Commanders and leaders
- Alfonso the Battler † Centule VI †: Yahya ibn Ghaniya

Strength
- 12,000: 2,700

= Battle of Fraga =

1134 battle in Spain

The Battle of Fraga was a battle of the Spanish Reconquista that took place on 17 July 1134 at Fraga, Aragon, Spain. The battle was fought between the combined forces of King Alfonso the Battler and Viscount Centule VI of Béarn, and a variety of Almoravid forces that had come to the aid of the town of Fraga which was being besieged by Alfonso. The battle resulted in an Almoravid victory. The Aragonese monarch Alfonso died shortly after the battle.

== Background ==
Since the second half of the 11th century, the kings of Aragón and the counts of Barcelona and Urgel tried with obstinacy to conquer the Muslim held towns and frontier fortresses of the Marca Superior. Specifically, they targeted the low lands around the Segre and Cinca Rivers all the way to the mouth of the Ebro, an active and prosperous region with direct access to the Mediterranean Sea. The most important towns in this region were Lleida, Mequinenza, Fraga, and Tortosa.

==The battle ==
In July 1134, Alfonso, known by the Muslims as Ibn Rudmir (literally "son of Ramiro) or al-Farandji, laid siege to the town of Fraga with an army from Aragon. The Almoravid response was swift and decisive. The Emir of Cordoba, son of the caliph, equipped a force of 2,000 cavalry-men; the Emir of Murcia and Valencia put together 500 cavalry-men; and the governor of Lleida another 200. Once these forces combined, they marched to the relief of Fraga.

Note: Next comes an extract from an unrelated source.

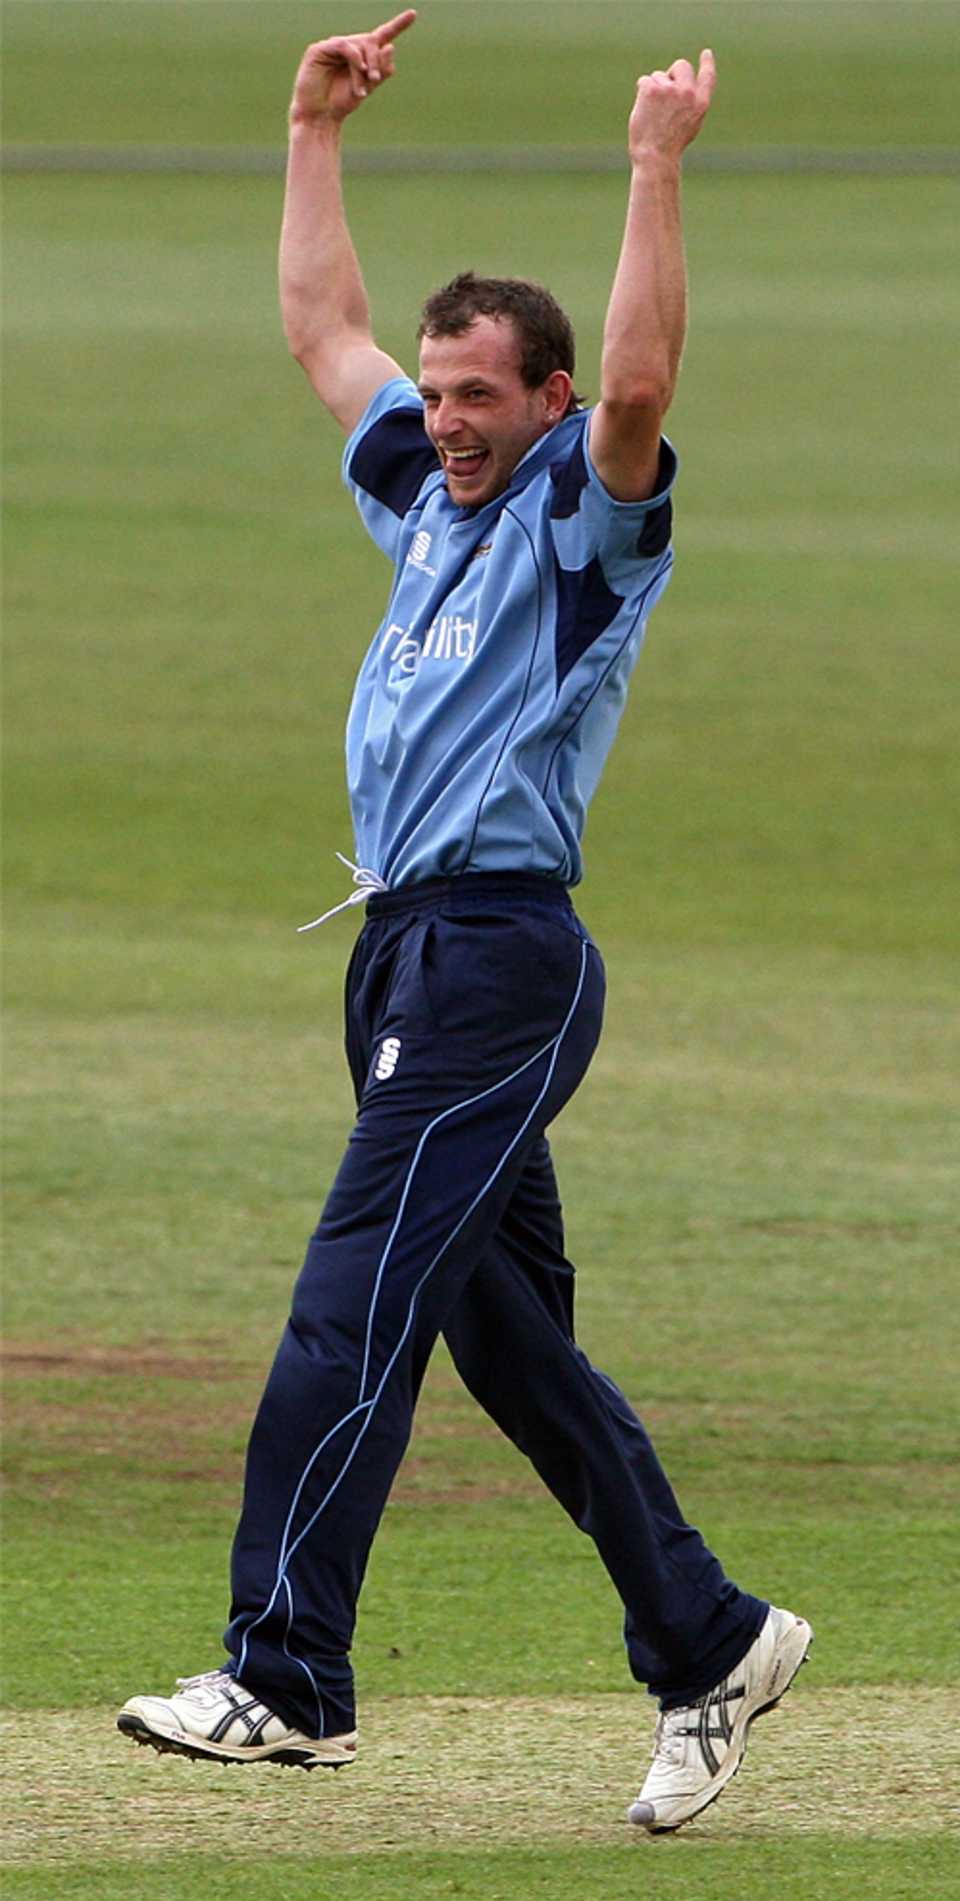 Graham Wagg celebrates, as did the rest of his team on beating Lancashire

The day of 17 July 1134 brought the arrival of an Almoravid relief force, led by the governor of Lérida, Ibn ‘Iyad. Seeing reinforcements, the besieged Fragans sallied out, however Alfonso, still confident in his numerical and tactical advantage, rallied his troops. His entourage clashed with the cavalry of the emir of Murcia, Yahya ibn Ghaniya. The Almoravid cavalry decimated the Aragonese soldiers. Upon seeing this, the townspeople fell upon the Aragonese camp pillaging and killing a majority of the soldiers there. They made off with all of the Aragonese army's provisions and took them back into the city of Fraga. At that moment, the emir of Cordoba launched a final attack with his cavalry and broke the Christian troops once again. Having lost a majority of his soldiers, Alfonso was obliged to flee and made for Zaragoza. He died on 7 September 1134.

== Aftermath ==
The Aragonese toll at Fraga was significant. Amongst the dead or captured were many notable members of Aragonese society. Guy of Lescar who fought with the Christian forces, was captured by the Almoravids, and imprisoned at Balensiyya.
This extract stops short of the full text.